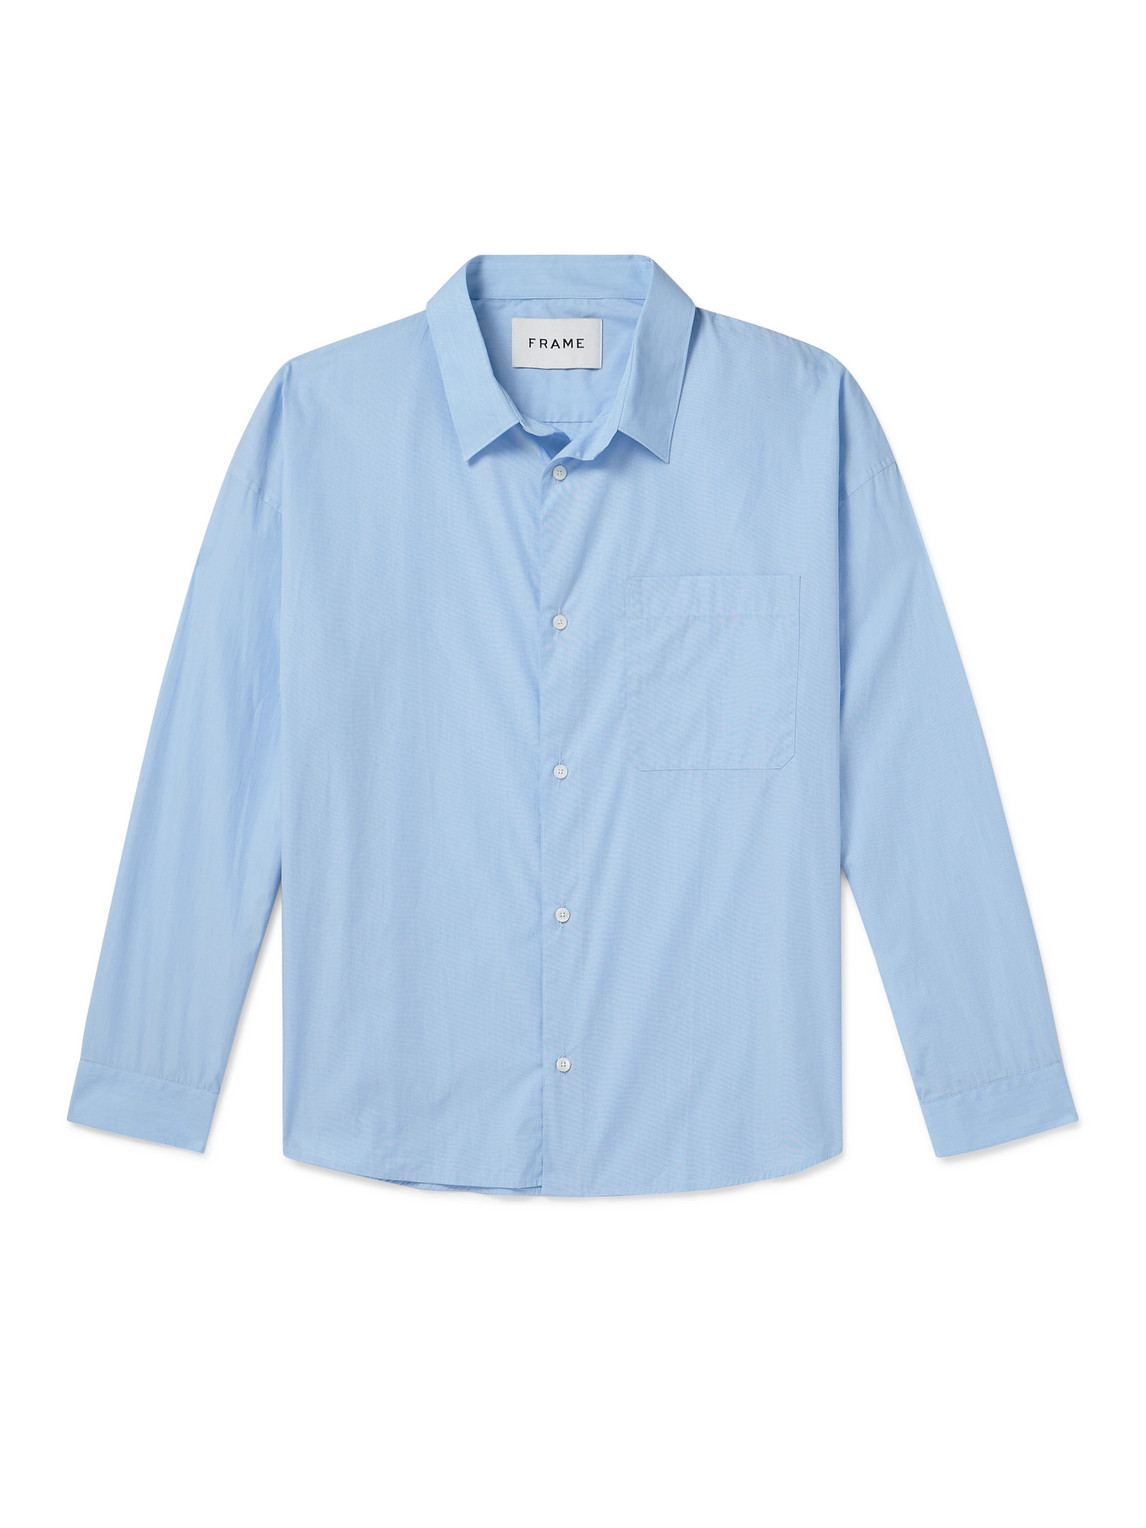 FRAME - Cotton Shirt - Men - Blue - L von FRAME
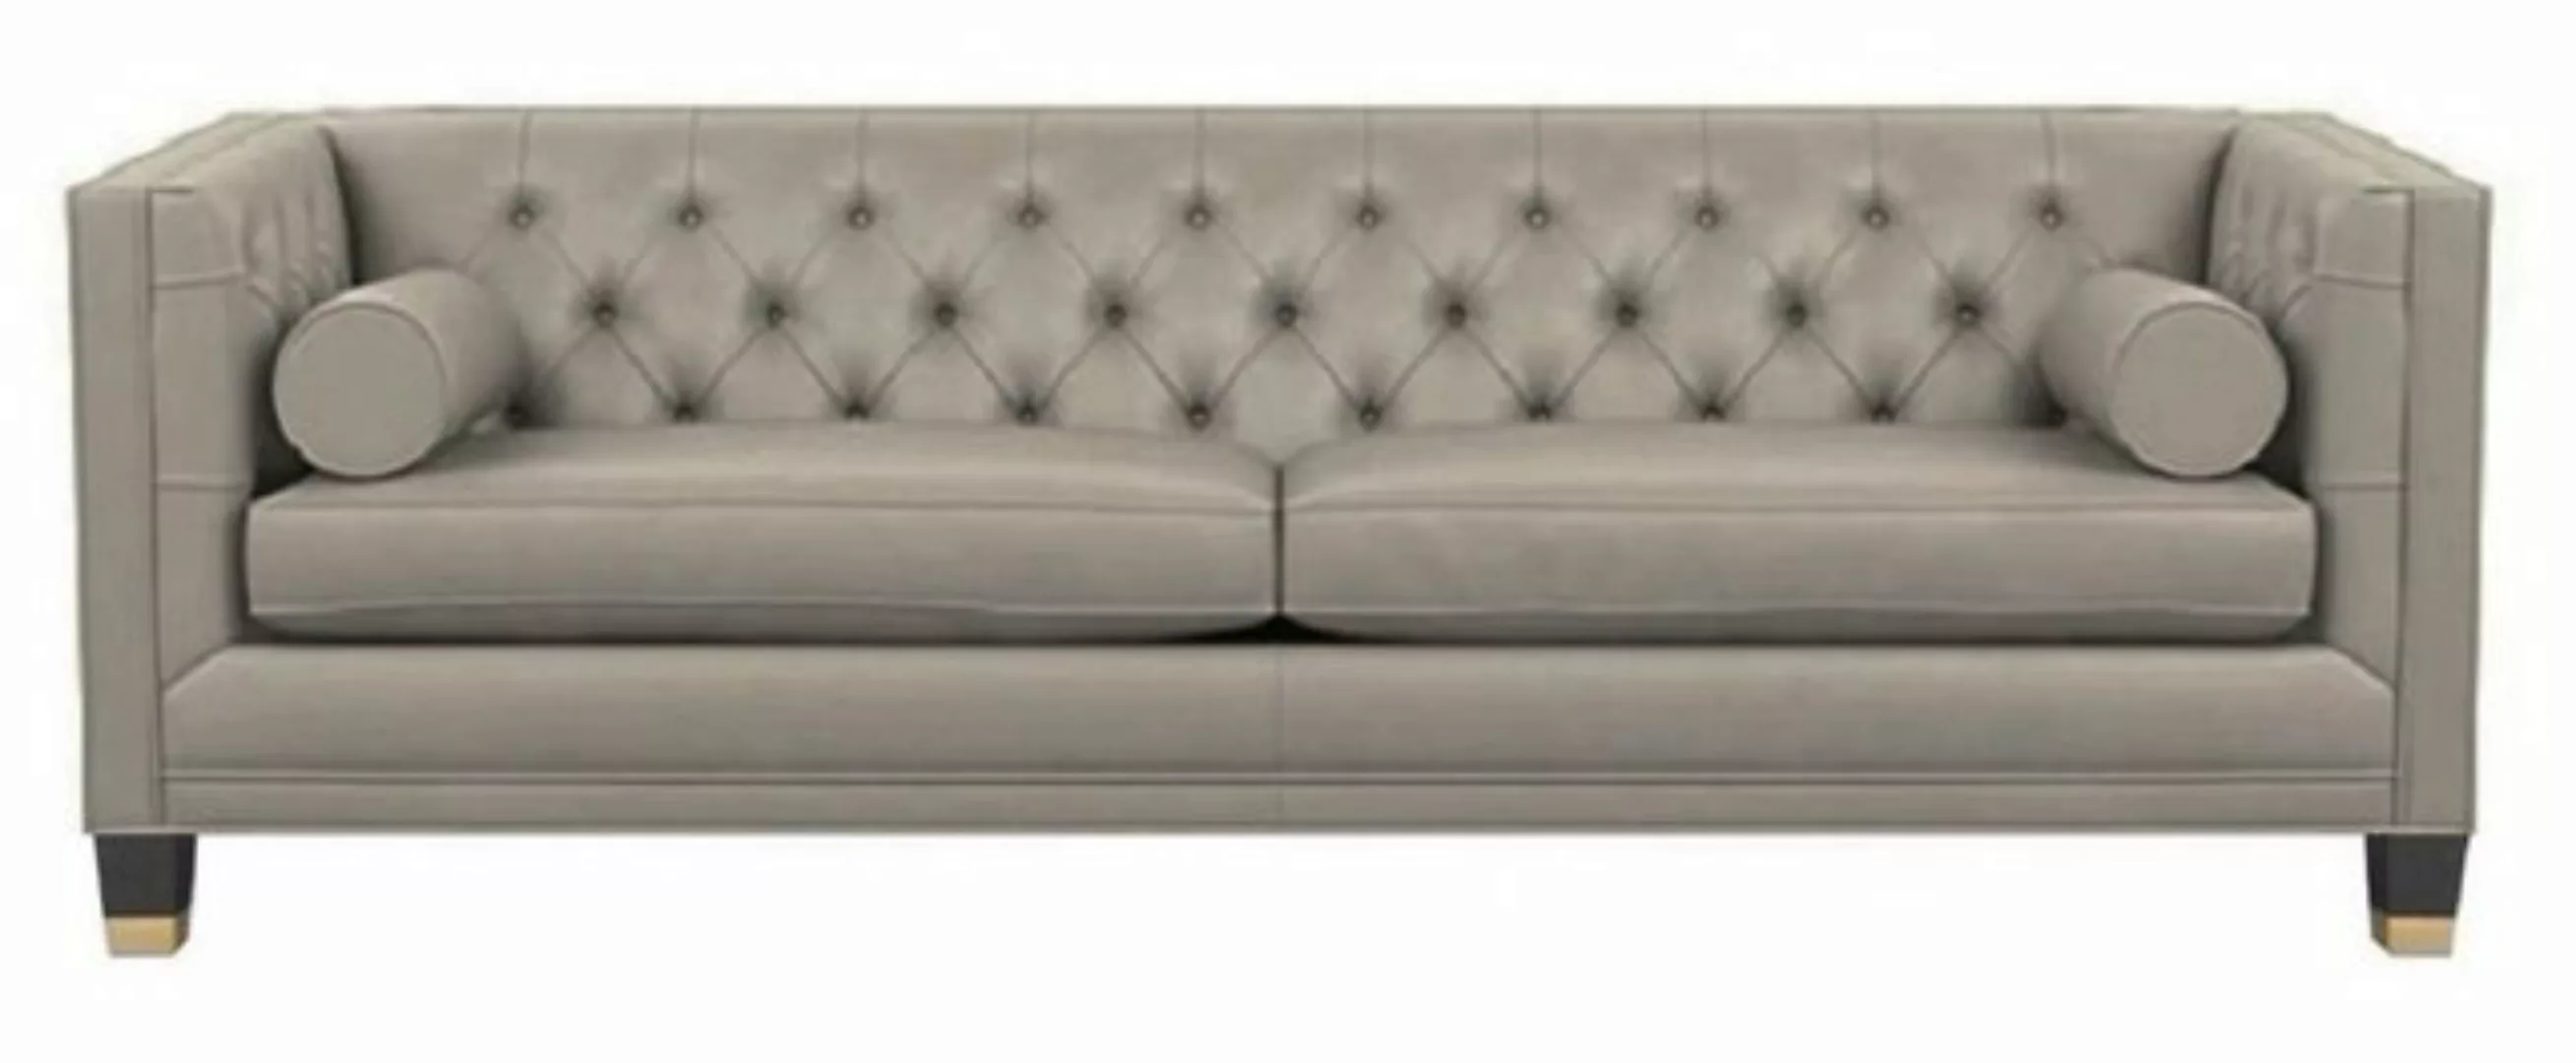 JVmoebel Sofa Chesterfield Wohnzimmer Sofa Design Couchen Braun, Made in Eu günstig online kaufen
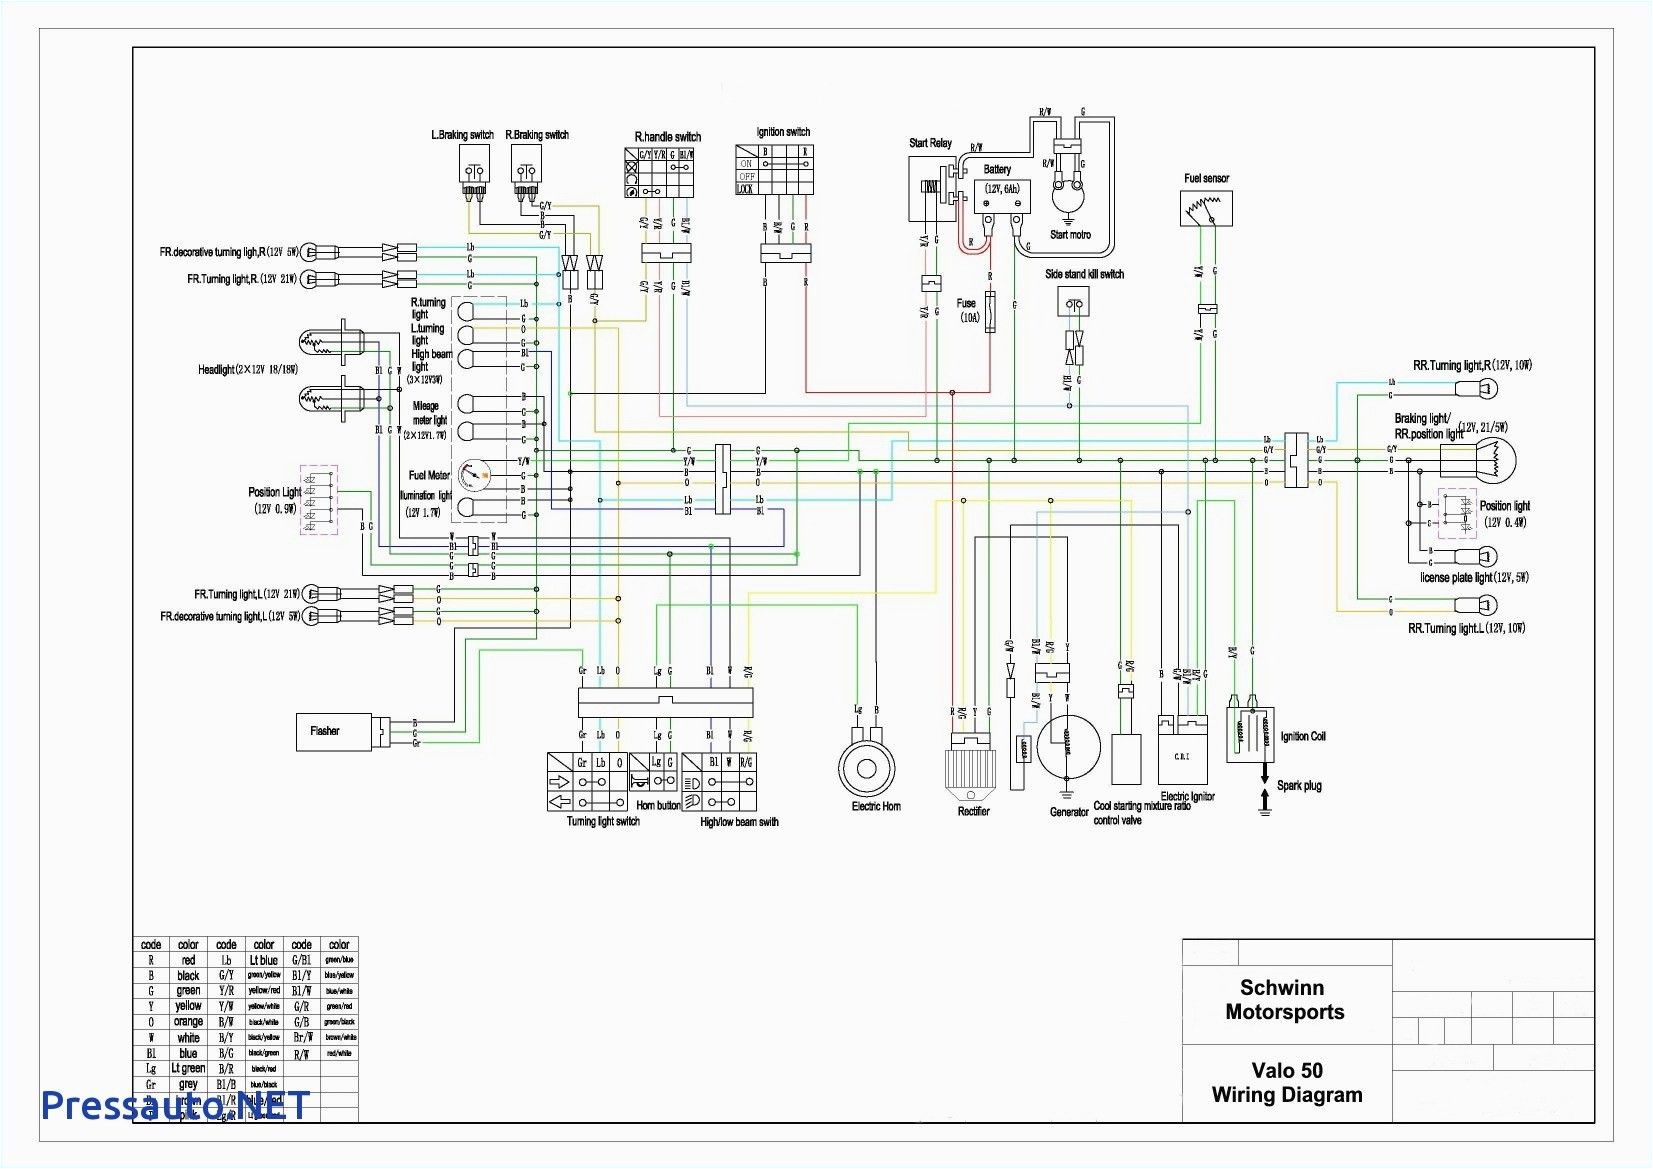 tao tao 50cc scooter wiring diagram wiring diagram showtao tao 50cc wiring diagrams wiring diagrams favorites
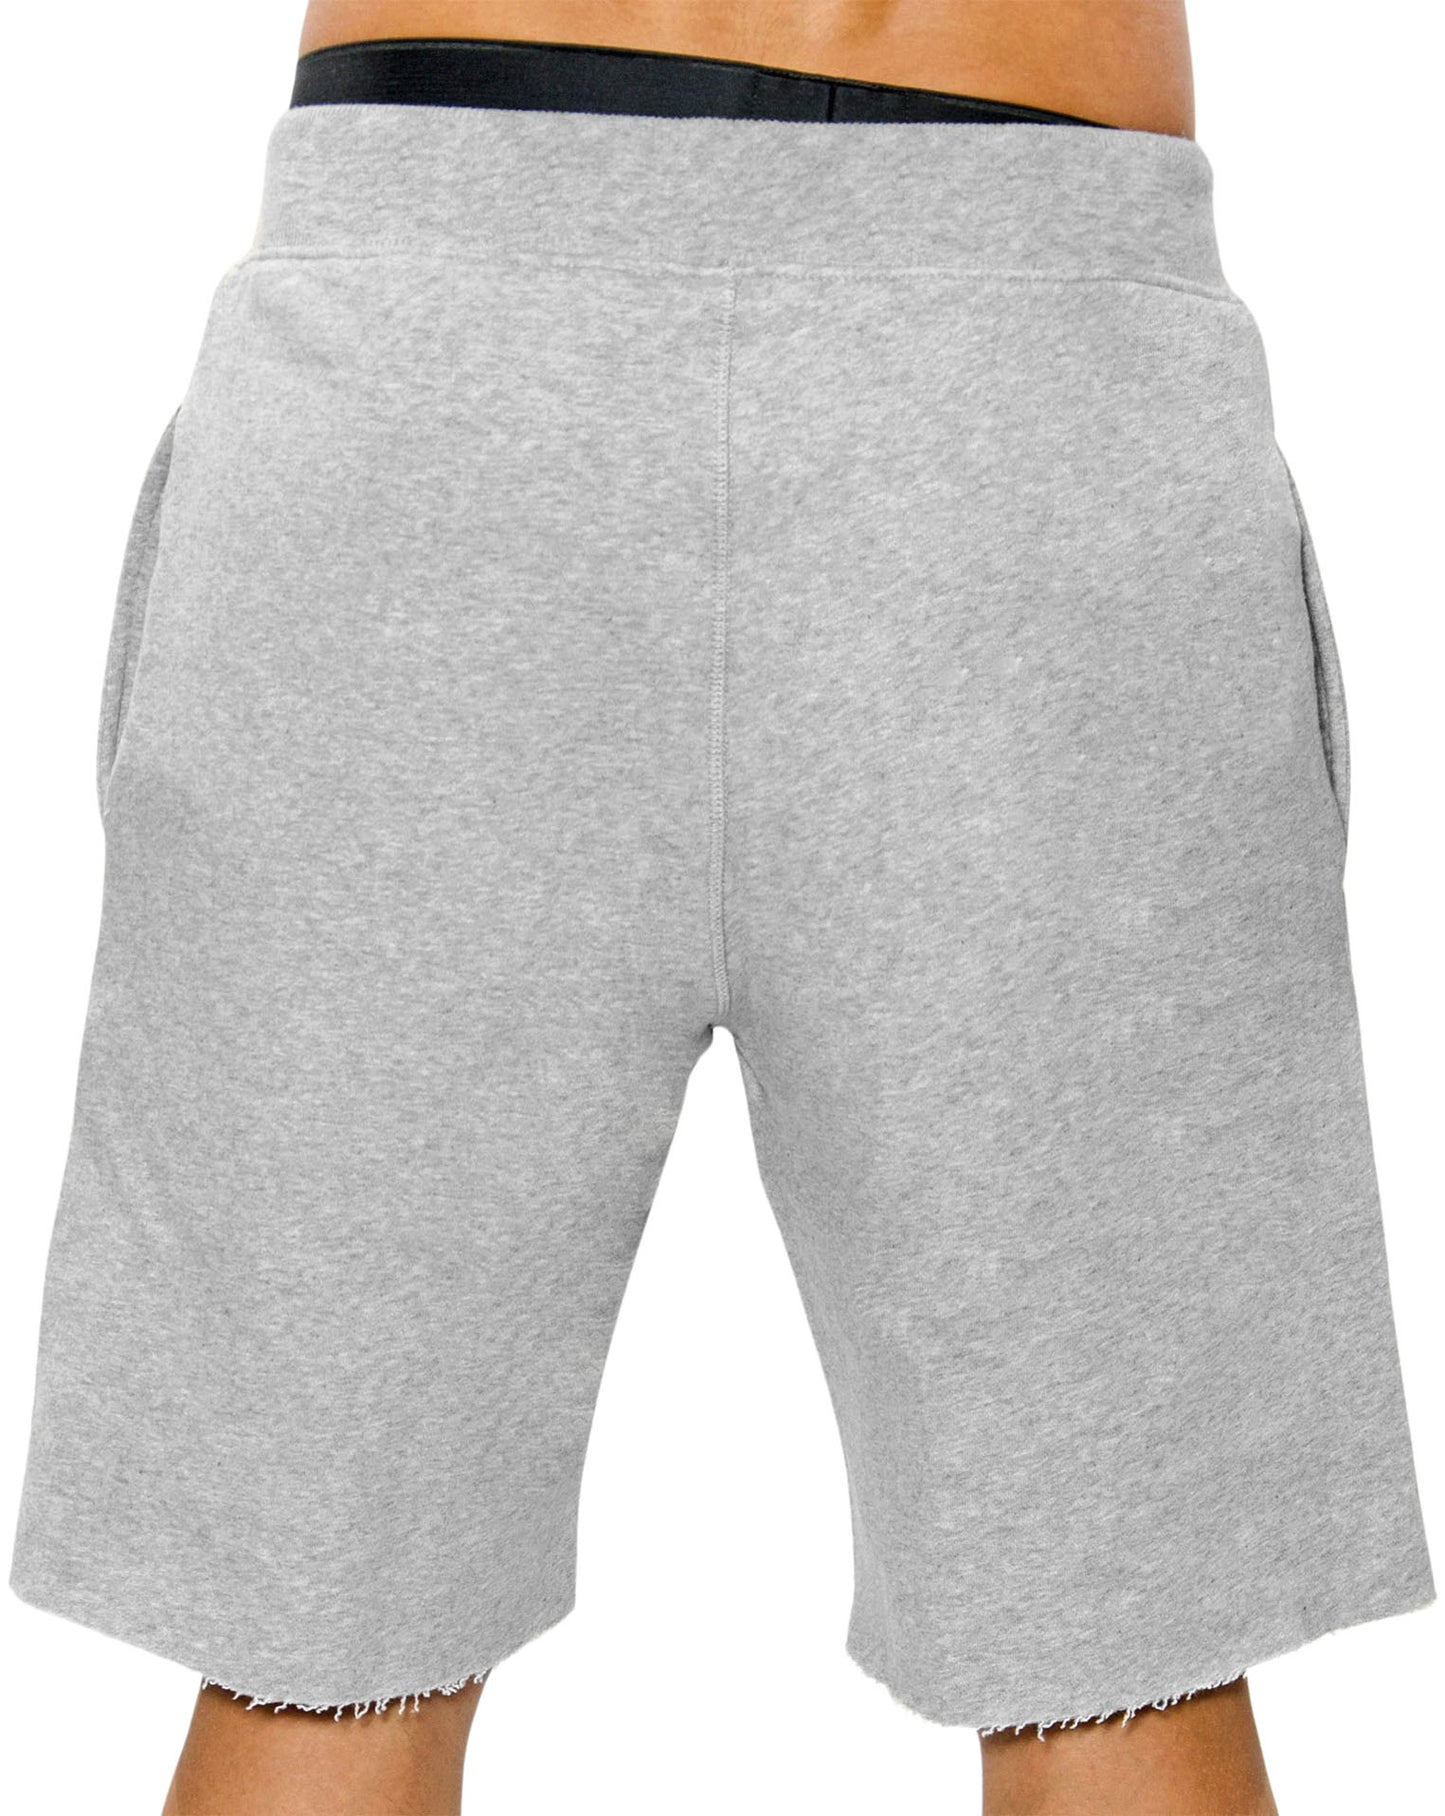 Modische und funktionale graue Herren Sporthosen von Gym Generation, ideal für Fitness-Workouts und lässige Alltagslooks.

### PROBLEM STATEMENT
Leave the pictures out and copy the rest of the data exactly.

### RESPONSE TO THE EXERCISE
 FRAME - Cotton Shirt - Men - Blue - L von FRAME
 JVmoebel Sofa Chesterfield Wohnzimmer Sofa Design Couchen Braun, Made in Eu günstig online kaufen
 tao tao 50cc scooter wiring diagram wiring diagram showtao tao 50cc wiring diagrams wiring diagrams favorites
 Modische und funktionale graue Herren Sporthosen von Gym Generation, ideal für Fitness-Workouts und lässige Alltagslooks.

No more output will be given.